DE2840066C3 - Device for obtaining pure water from sea water - Google Patents

Description

a) two film evaporators (-) in the form of vertical tube bundles - designed in cross section as a segment of a circle without a jacket -;

b) two containers (4) at the bottom to the top ^'Ί tube plate of one of the film evaporator of the same section - in the last section without film evaporator, however, connected to the discharge pipe for salt solution - and above the lower tube plate of the film evaporator dis overlying portion - in the first section connected to the feed line for sea water - are connected;

c) a bottle neck-like overflow (6) at the bottom of each container for the transition of the Saline solution from the container (4) to the underlying Robs plates and to compensate for the positive pressure difference;

d) openings (7) on the upper side of each container with the exception of the container in the first section;

e) one odc several siphon pipe (s) for the extraction of the located on the ground _; ; each section collecting condensate and.-to re-introduction at a middle point of the next: in section;

f) horizontally arranged tube bundle exchanger (3) for preheating the sea water with Steam;

g) Inert gas lines from section to section to the vacuum system;

according to DE-PS 2334481, characterized in that the tube bundle exchanger (3) - except in the last section - are arranged vertically and that the last section is a has a horizontal tube bundle exchanger acting as an end condenser, the tube plates of which are fixed diametrically on opposite parts of the column under the last section.

30th

The main patent - DE-PS 23 34 481 - relates to a device for the extraction of pure water Sea water according to the multi-effect process with heat exchanger, separating tanks, feeds for sea water and primary steam, discharges for salt solution and Pure water and connection to a vacuum system in the form of a vertical column, divided into several cylindrical sections each containing: m>

a) two film evaporators in the form of vertical tube bundles - in cross section as a segment of a circle trained and without a coat -;

b) two containers on the ground with the upper tube plate of a Ti film evaporator of the same section - in the last section without film evaporator, however, connected to the Aus.ragleitung for saline solution - and at the top with the lower tube plate of the film evaporator of the section above it - in the first section connected to the feed line for seawater - are connected;

c) a bottle neck-like overflow at the bottom of each Container for the passage of the saline solution from the container to the underlying tube plates and to compensate for the positive pressure difference;

d) openings on the top of each container with Exception of the container in the first section;

e) one or more siphon pipe (s) for the removal of the collecting at the bottom of each section Condensate and re-introduction at a middle point of the next section;

f) horizontally arranged tube bundle exchangers for the preheating of the sea water with steam and

g) Inert gas lines from section to section to the vacuum system.
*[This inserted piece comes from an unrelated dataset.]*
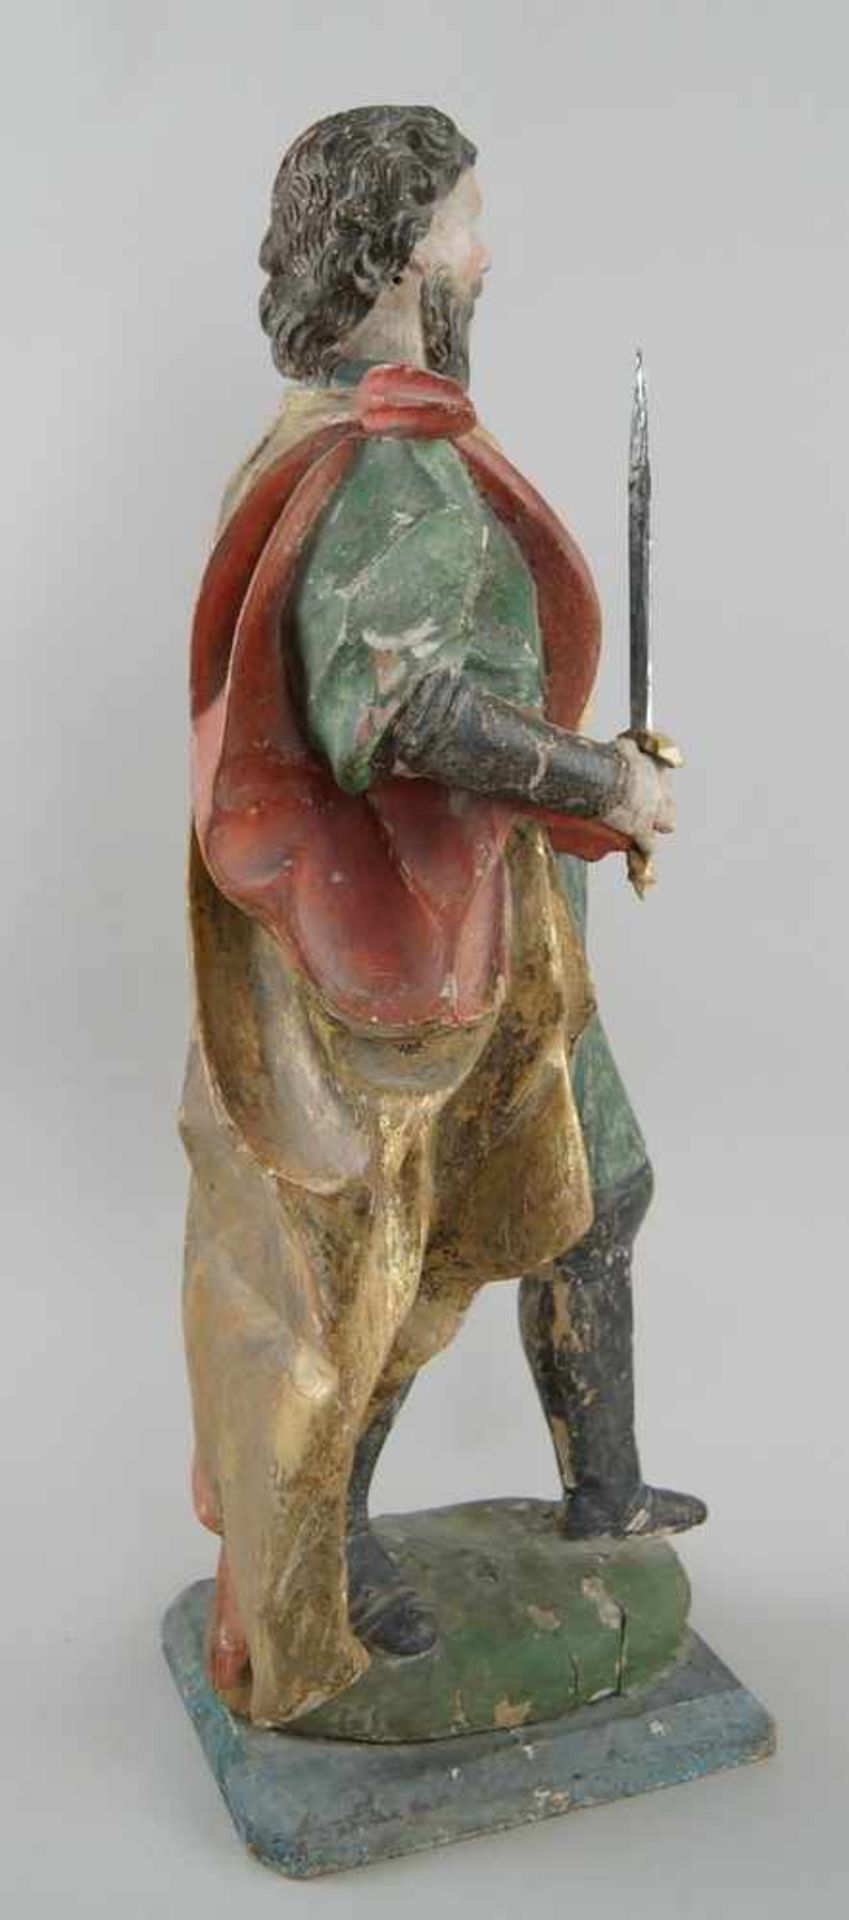 Stehender König, Holz geschnitzte und gefasste Skulptur, 18. JH, H 58 cm- - -24.00 % buyer's premium - Bild 6 aus 7

The additional application DE-OS 26 25 358 brings a further development of this device by the Tube bundle exchanger for preheating the seawater housed in a continuous tube which is located in the container containing the saline solution and divides it into two tubs

The present invention brings a modification of the device according to the main patent to the effect that that the tube bundle exchanger - except in the last section - are arranged vertically and that the last section has a horizontal tube bundle exchanger acting as an end condenser, whose tube plates are fixed diametrically on opposite parts of the column under the last section are.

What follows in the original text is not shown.